И выругался, громко и грубо.
Ленка горячо вспыхнула, отступая, споткнулась, дипломат стукнулся об ногу. Отвернулась и пошла на улицу, закусывая губу. Подумаешь, герой нашего времени. Страдалец. Все, значит, мы… много сильно понимает…
Но теплое неяркое солнце, клонясь за макушками тополей, вдруг напомнило о времени, а значит, о том, что у нее, у Ленки, сегодня свидание с Ганей. Которого любит Оля Рыбка, и не знает, что Ленка тоже влюблена, и тайком сегодня уйдет, чтоб с ним быть. Целоваться.
Она побежала к остановке, увидела, как из-за угла выворачивает автобус и припустила быстрее. Стараясь не думать о том, что Саня прав, и она тоже такая вот — одинаковая.
Глава 8
— Мечты сбываются… и не сбываются… любовь приходит к нам совсем не так…
Ганя прервался, берясь за острый штакетник разболтанной калитки, побренчал на пальце ключами. В полумраке, разбавленном светом высокого фонаря, блеснули зубы в улыбке:
— Да, Малая? Ну что, зайдем, посидим малехо?
Ленка переступила ноющими ногами и оглянулась. Улочка, набитая разнокалиберными дачными домишками, была пуста и пятниста. Белые стенки казались бледно-желтыми, пожухлая листва на ивах и акациях — серой. И между серым и желтым — резкие черные тени, от кольев заборчиков, от квадратов домов и крыш. Вдоль улочки поддувал ледяной сквознячок, лапая ноги в тонких колготках. А еще ноги сильно болели, уже два часа Ленка с Ганей лазили по вечерним улицам, потому что долго не посидишь нигде — холодно. А в кино почему-то не пошли, и попросить об этом она застеснялась. Она вообще мало что говорила, язык плохо слушался, и боялась сморозить глупость. Только кивала и смеялась в нужных местах. Нет, что-то там начала рассказывать, когда медленно шли пустой улицей мимо длинного портового забора, но Ганя стал мурлыкать, разглядывая дома и деревья, и она умолкла, думая — ему неинтересно.

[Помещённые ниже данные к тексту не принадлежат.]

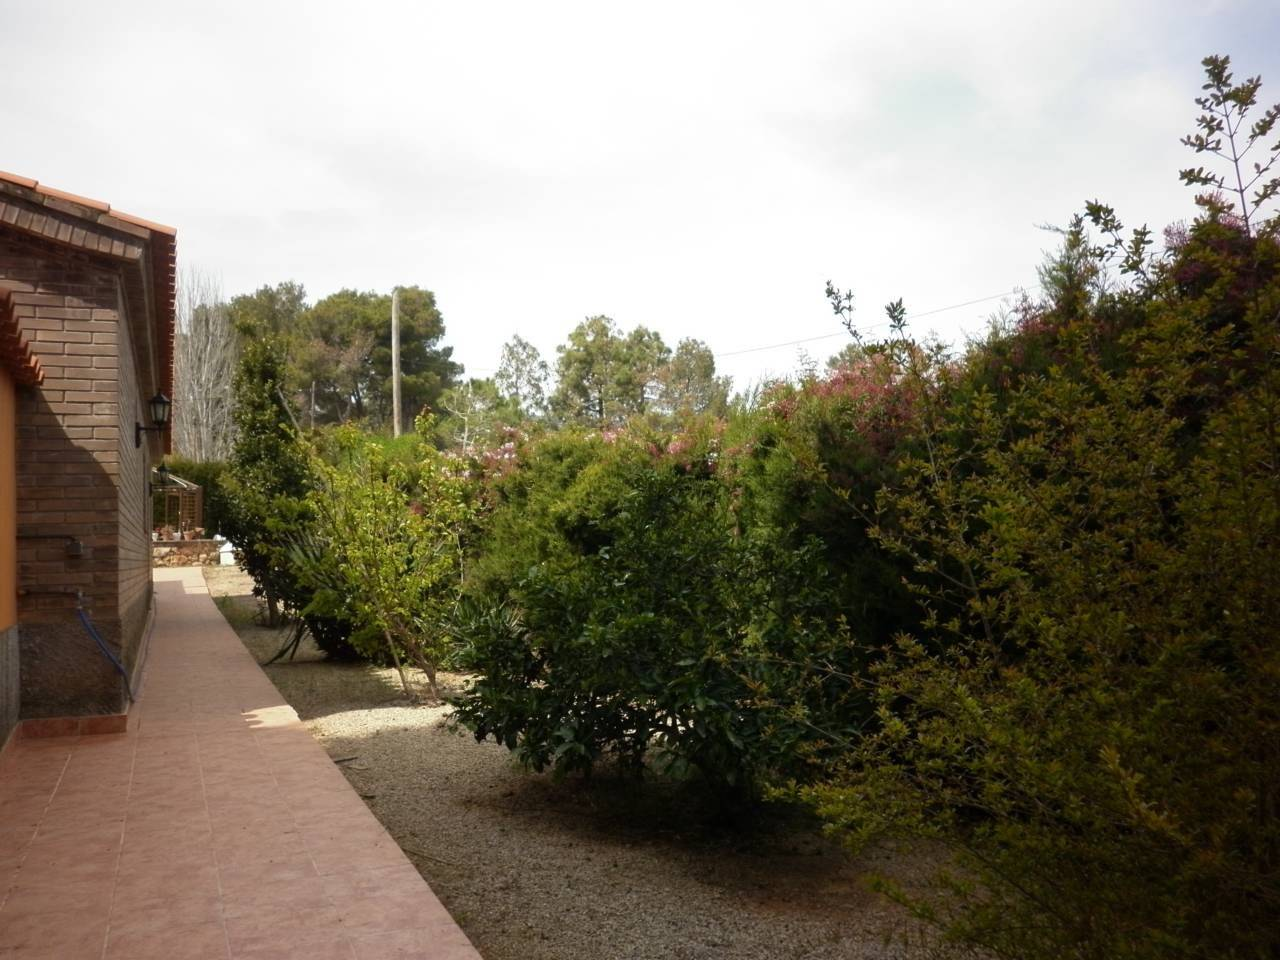 Haus  Calle acasias. Xalet de 400 m2 contruidos y con terreno de  2,500 m2² de solar,

— Замерзла? — спросил, уже поворачиваясь к ней широкой спиной в толстой вязаной кофте и скрежеща ключом в замке, — счас погреемся.
— Там печка? — удивилась Ленка с надеждой, зябко поводя плечами. Волосы пересыпались холодными прядями по скулам. И тут же подумала испуганно, уже скоро десять, а вдруг станет топить, это ж время. Мать вообще зарежет, а завтра будет молчать, отводя глаза, вроде Ленка заразная.
— Чего? А. Не. Нафиг нам печка, — распахнул калитку и пошел по смутной плитчатой дорожке, между черных кустов. Кинул через плечо:
— Прикрой там.
Ленка поколебалась, стоя одновременно во дворе и на улице. Вспомнила, как пару раз они целовались тогда, давно уже. И как ей было все равно и даже немножко противно. Не то, что сегодня. Еще вспомнила, как наставляла подружек, насчет того, чтоб держались, и ничего не позволяли. Язык у Гани — помело, не зря же Рыбка рассказала про Лильку Звезду, наверняка сам и растрепал, что у них там с Лилькой…
— Ленуся, — позвал Ганя от полуоткрытой двери в маленький беленый домишко.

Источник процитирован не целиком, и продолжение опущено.